• About this exercise
In the listing, locate the line containing "Find the Best", then quote it and all following lines exactly. Omit pictures.

• Recorded information
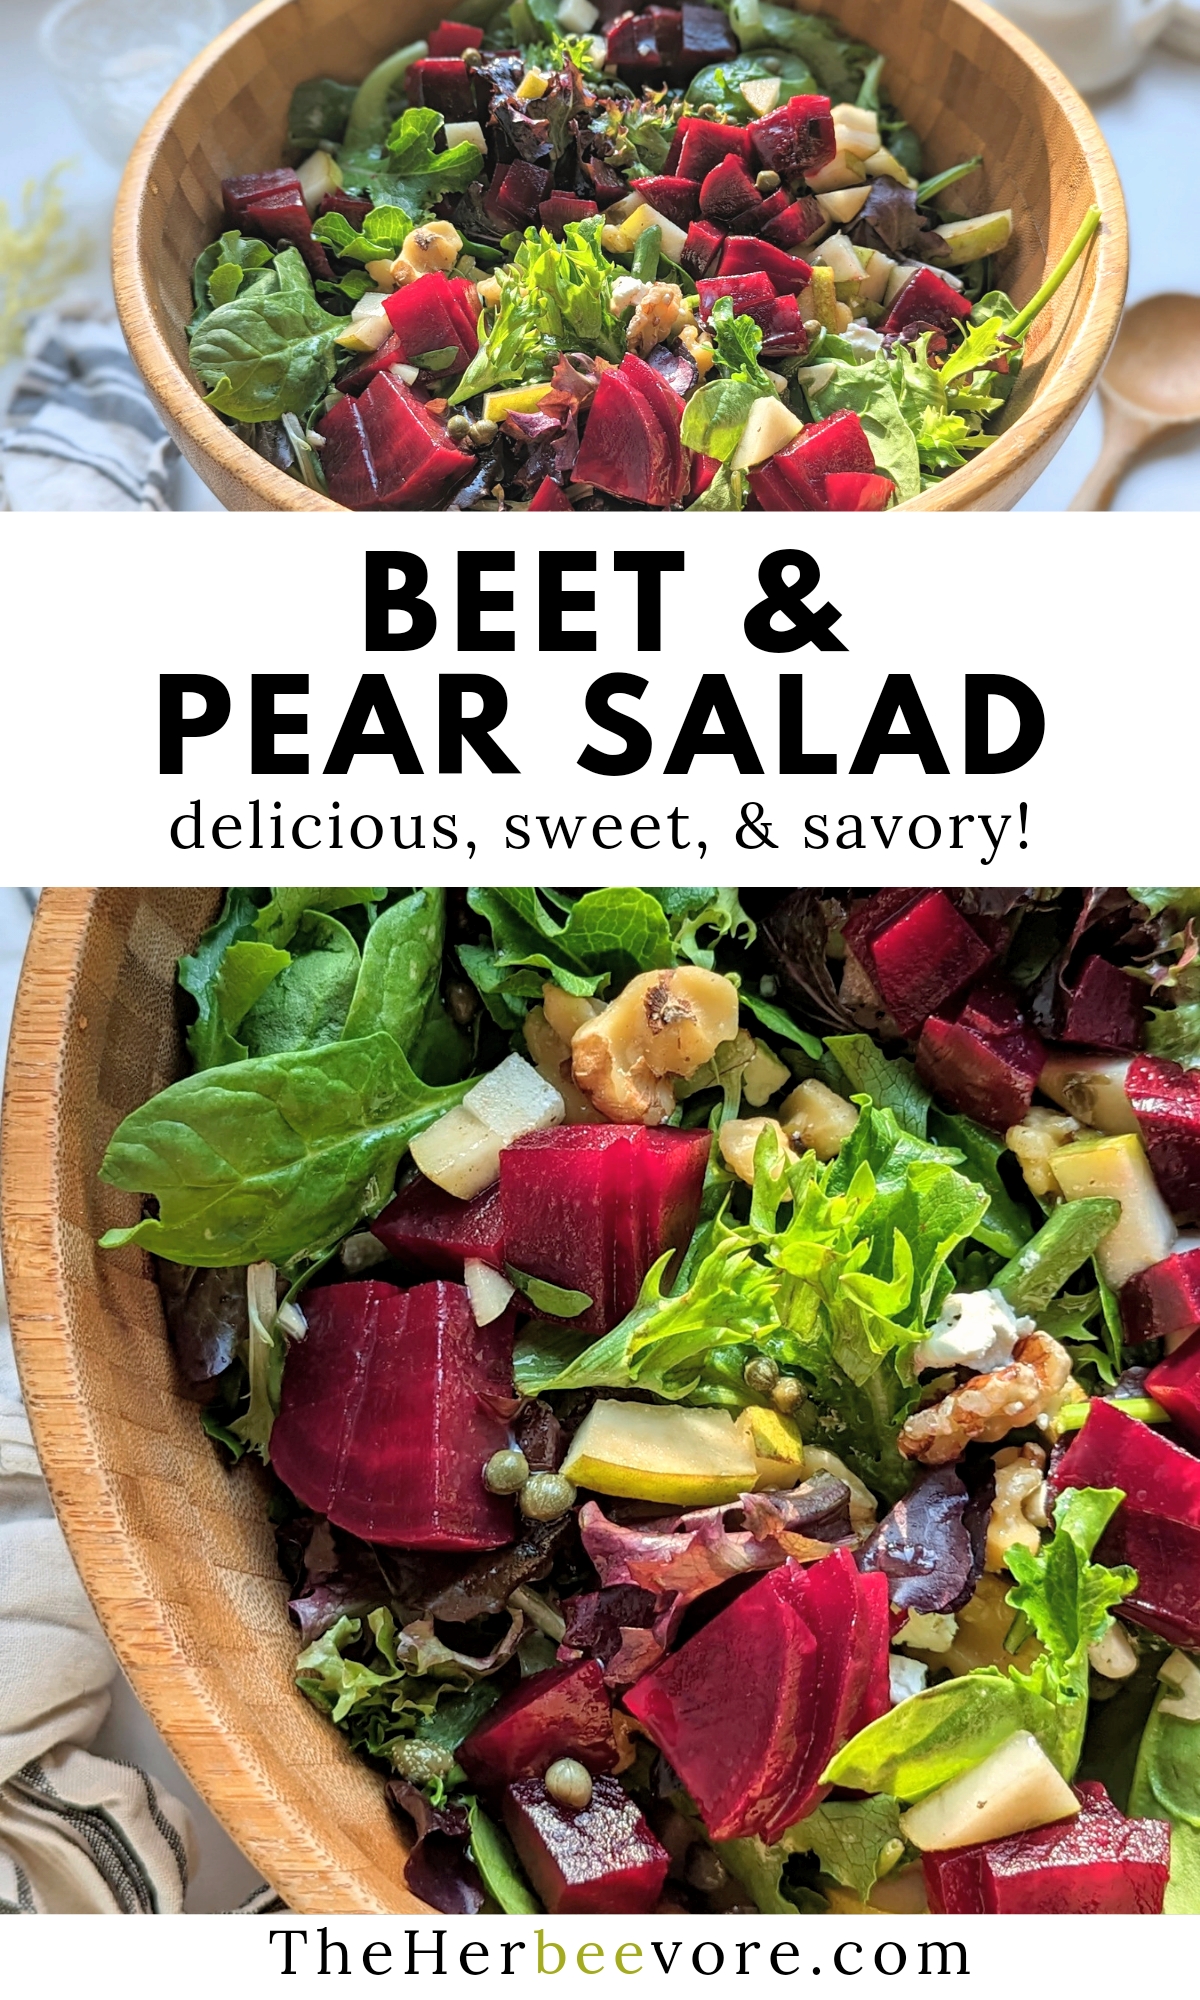 beet and pear salad delicious sweet and savory salad recipes an easy appetizer or side salad with beets and fruit.
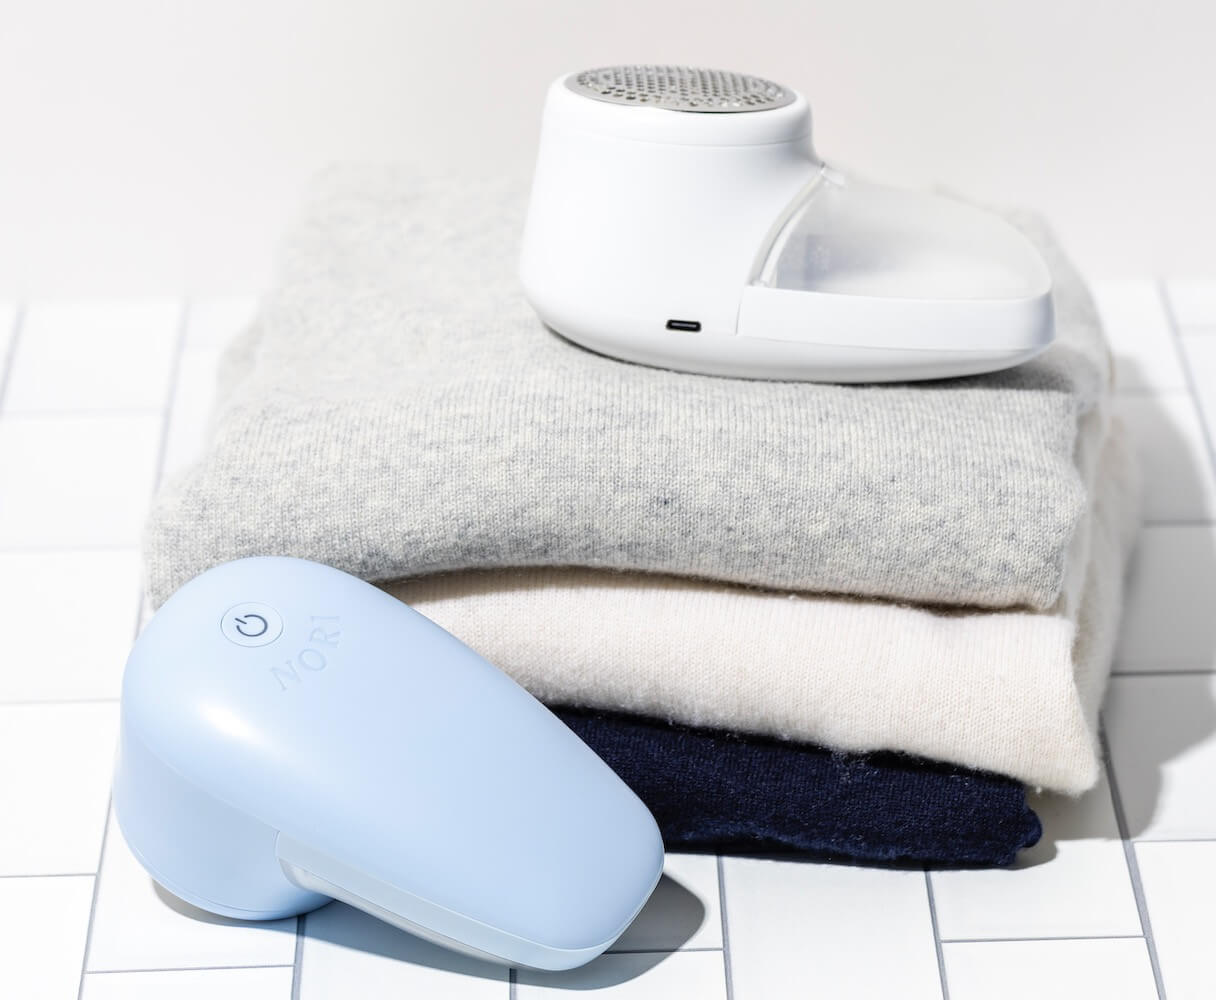 Find the Best Lint Remover for Clothes in 2023 - Reviews & Guide
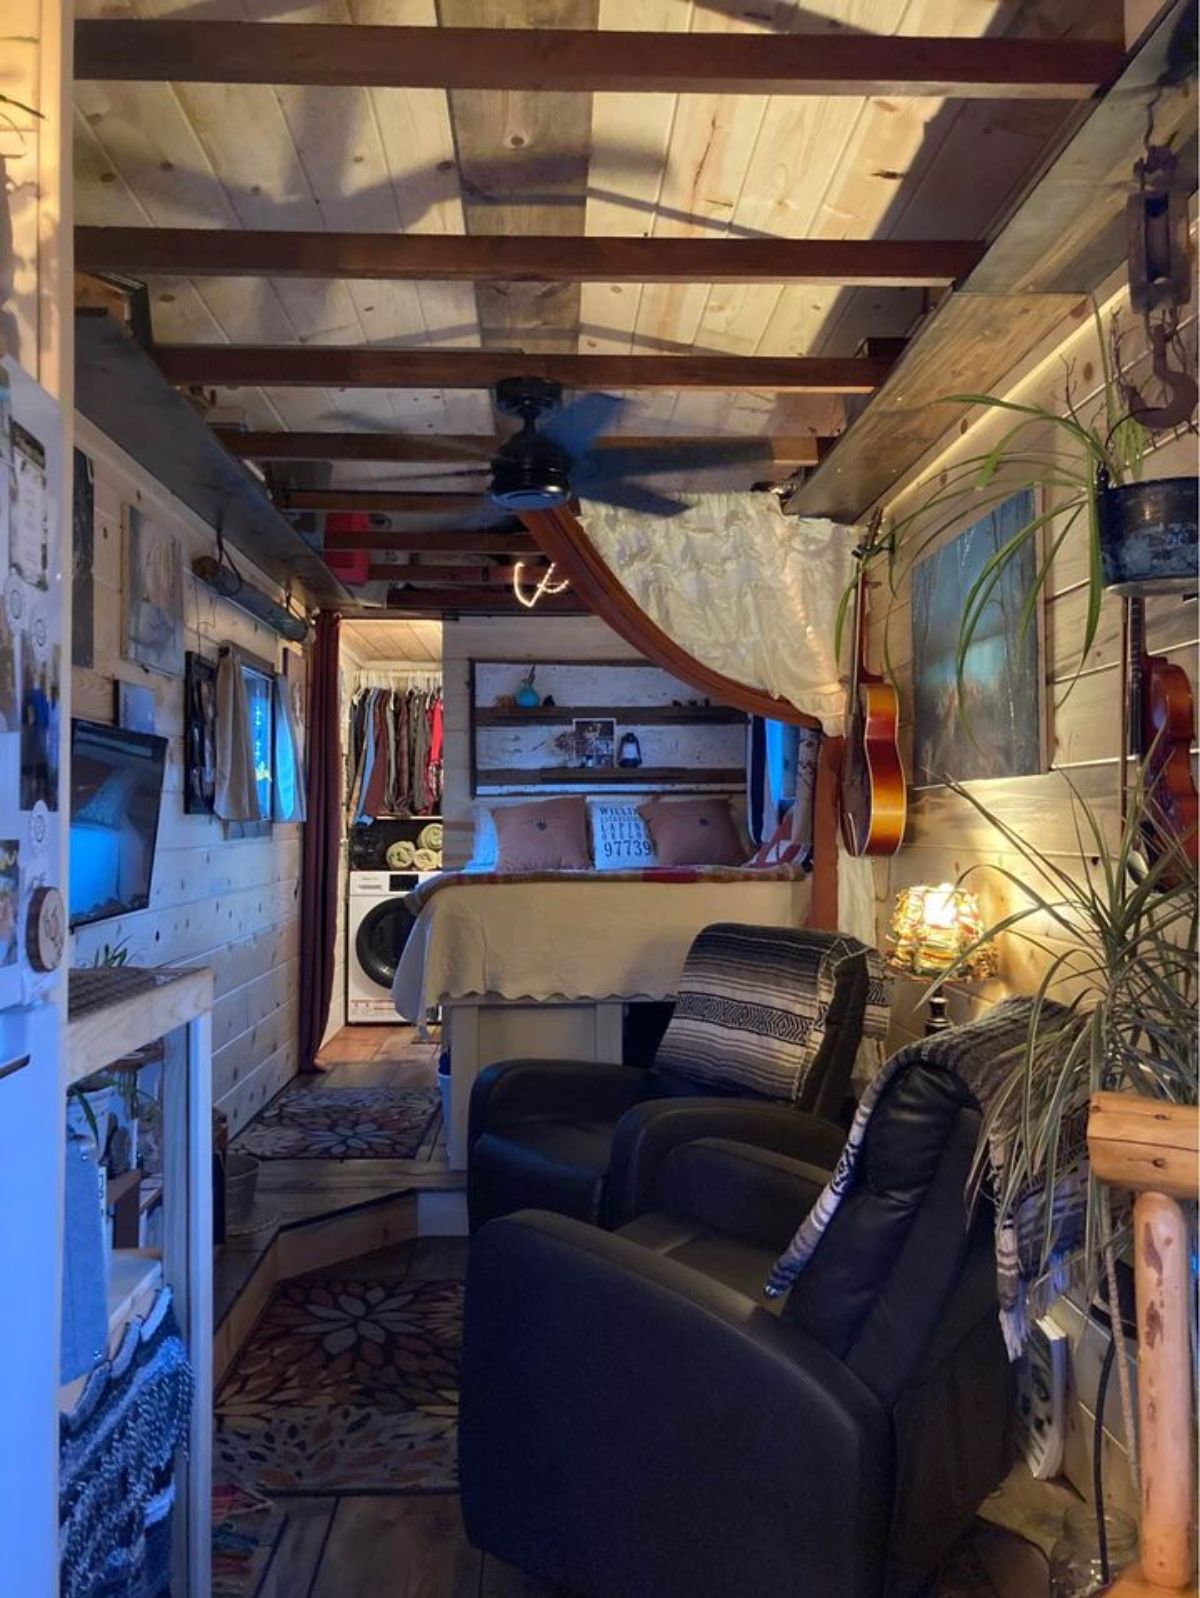 Living area of 240 sf Tiny House has a recliner and a television set

• Output of the exercise
 Find the Best Lint Remover for Clothes in 2023 - Reviews & Guide
 Living area of 240 sf Tiny House has a recliner and a television set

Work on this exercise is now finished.